▸ What is being asked:
The answer must consist solely of the lines from the one with "EMBRACE NEURODIVERSITY (Black" through the last line of the data, copied exactly, with no pictures.

START Recorded information

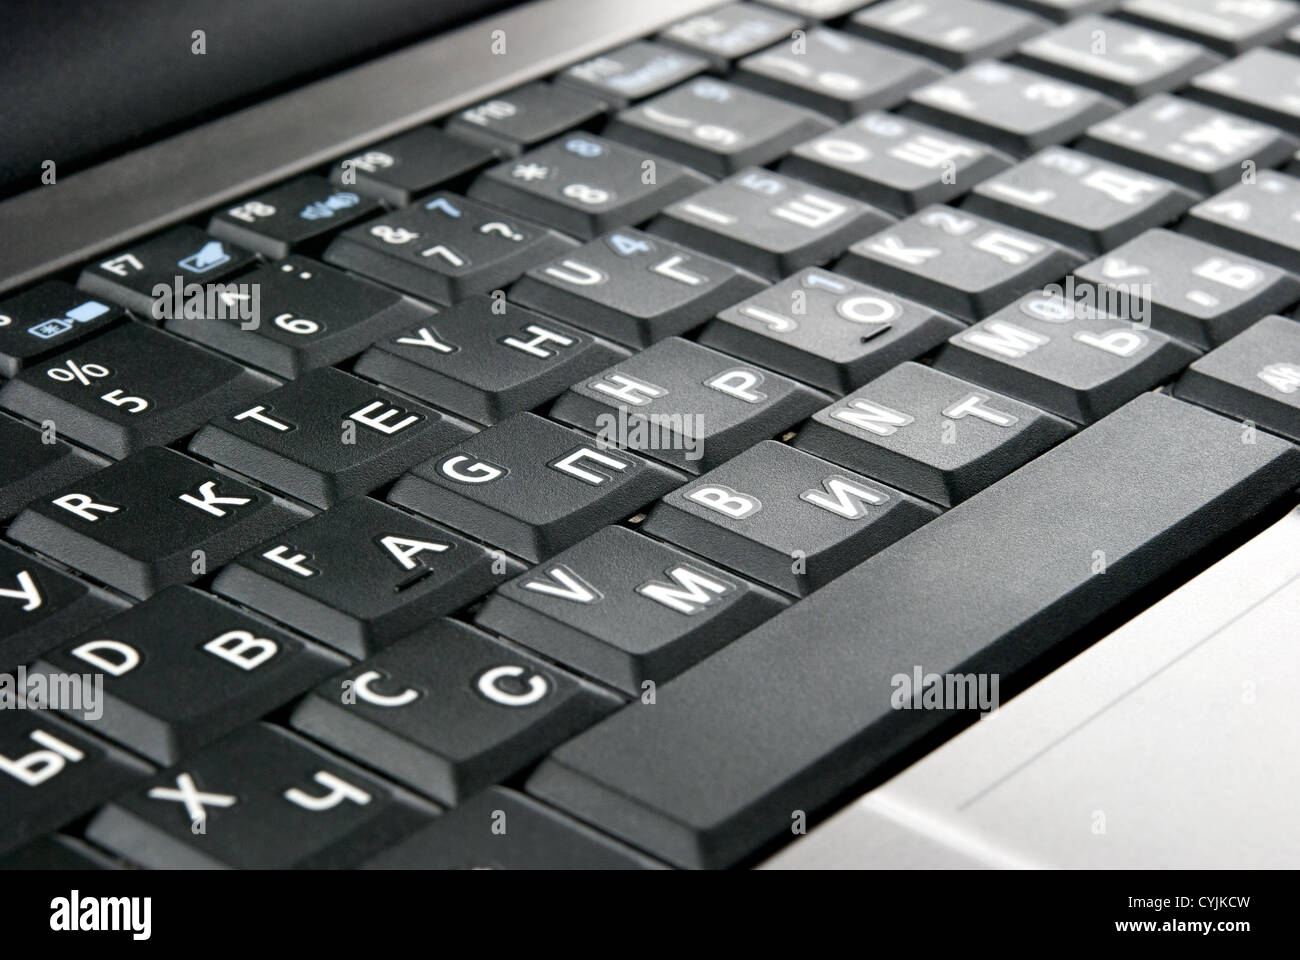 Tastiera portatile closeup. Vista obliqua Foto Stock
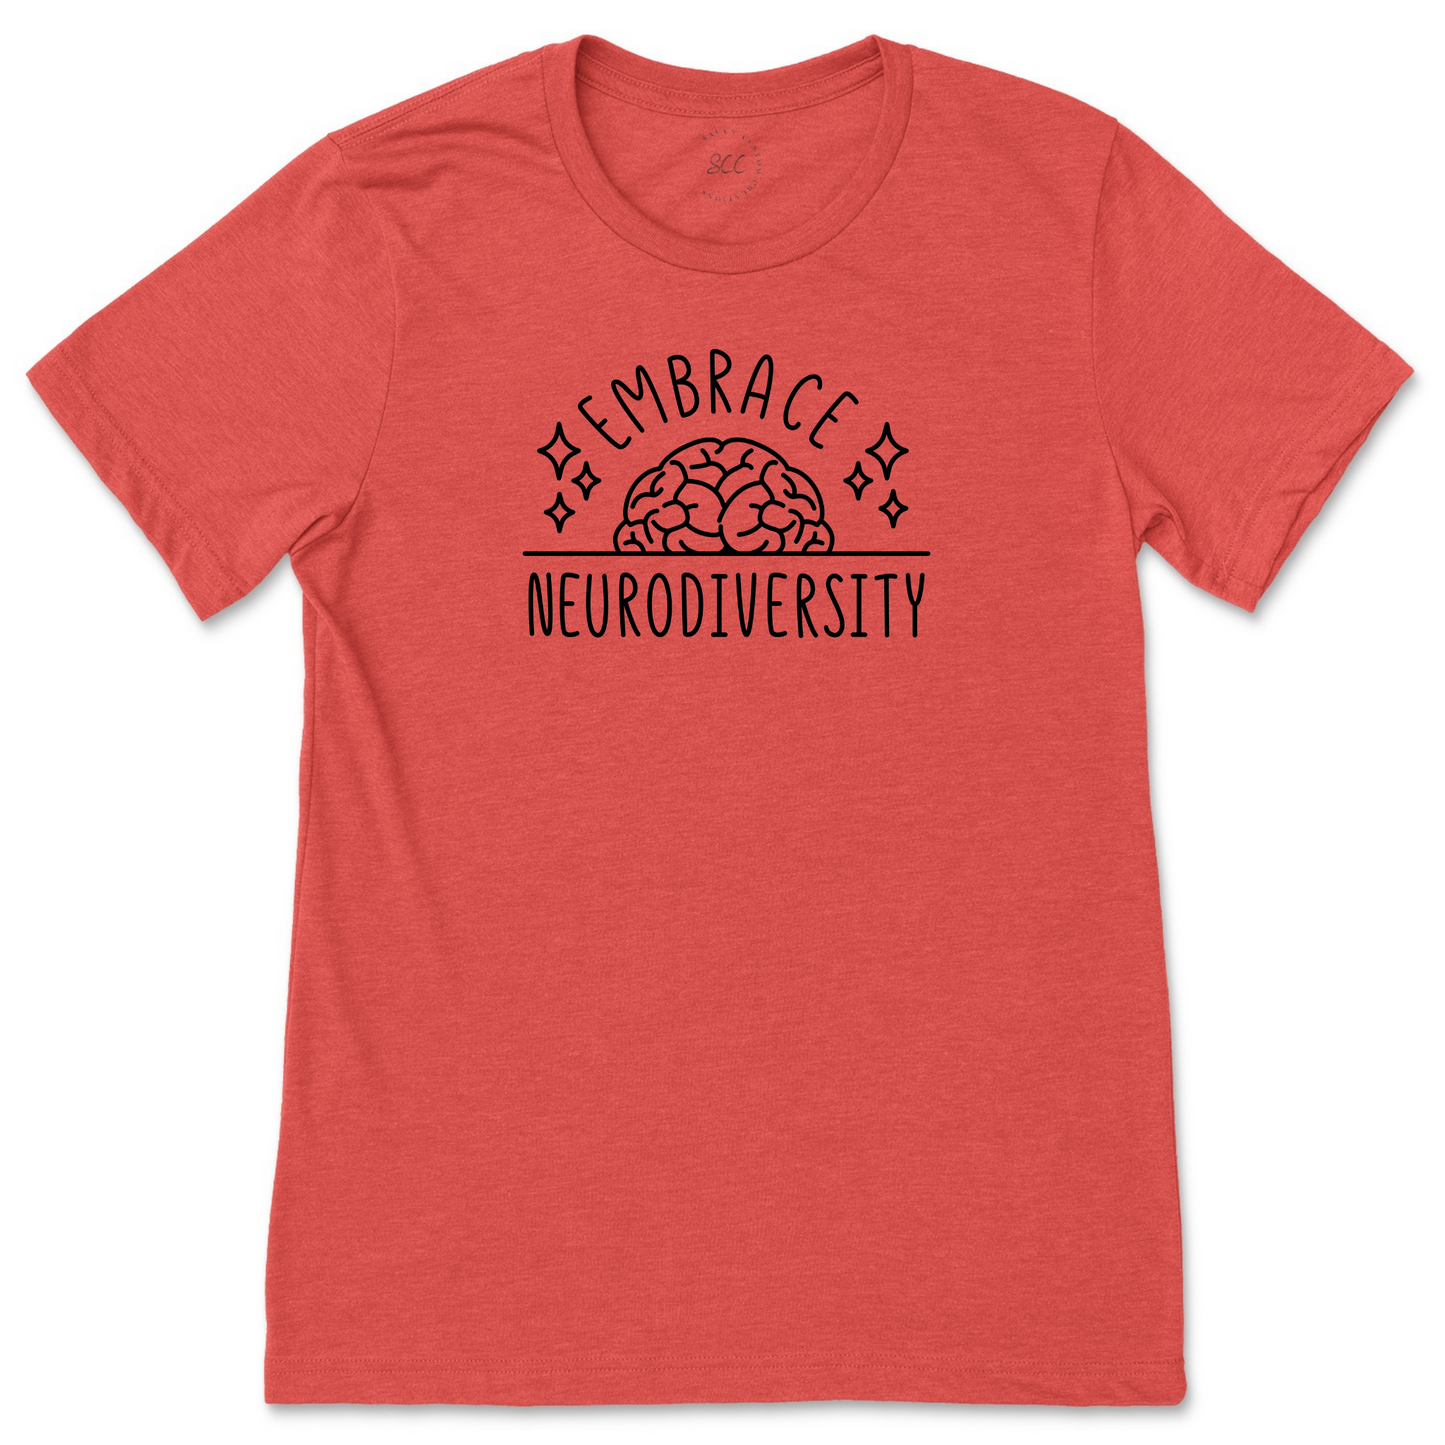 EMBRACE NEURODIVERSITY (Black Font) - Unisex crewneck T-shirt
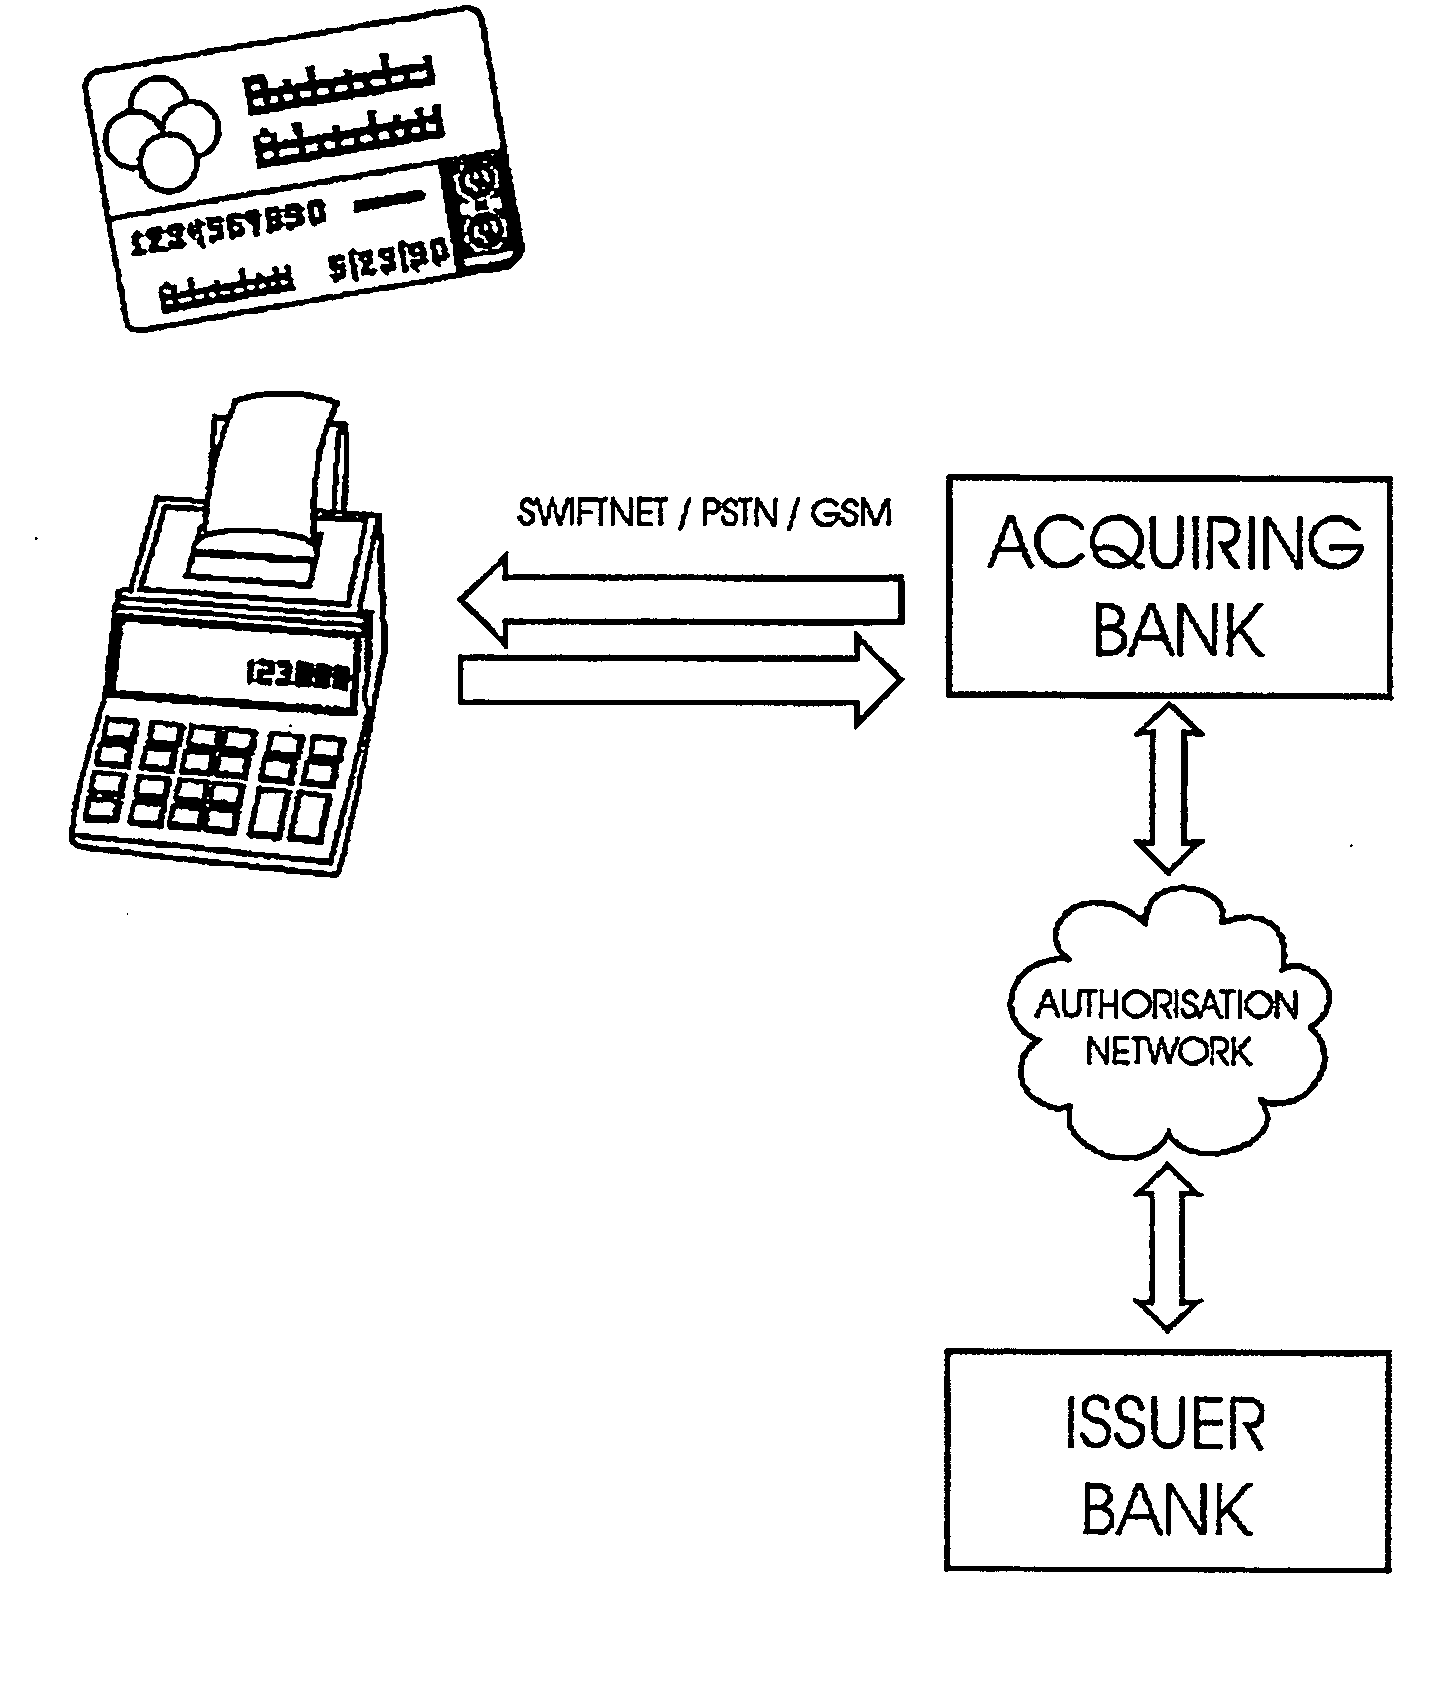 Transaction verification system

END Recorded information

▸ Finished task:
 EMBRACE NEURODIVERSITY (Black Font) - Unisex crewneck T-shirt
 Transaction verification system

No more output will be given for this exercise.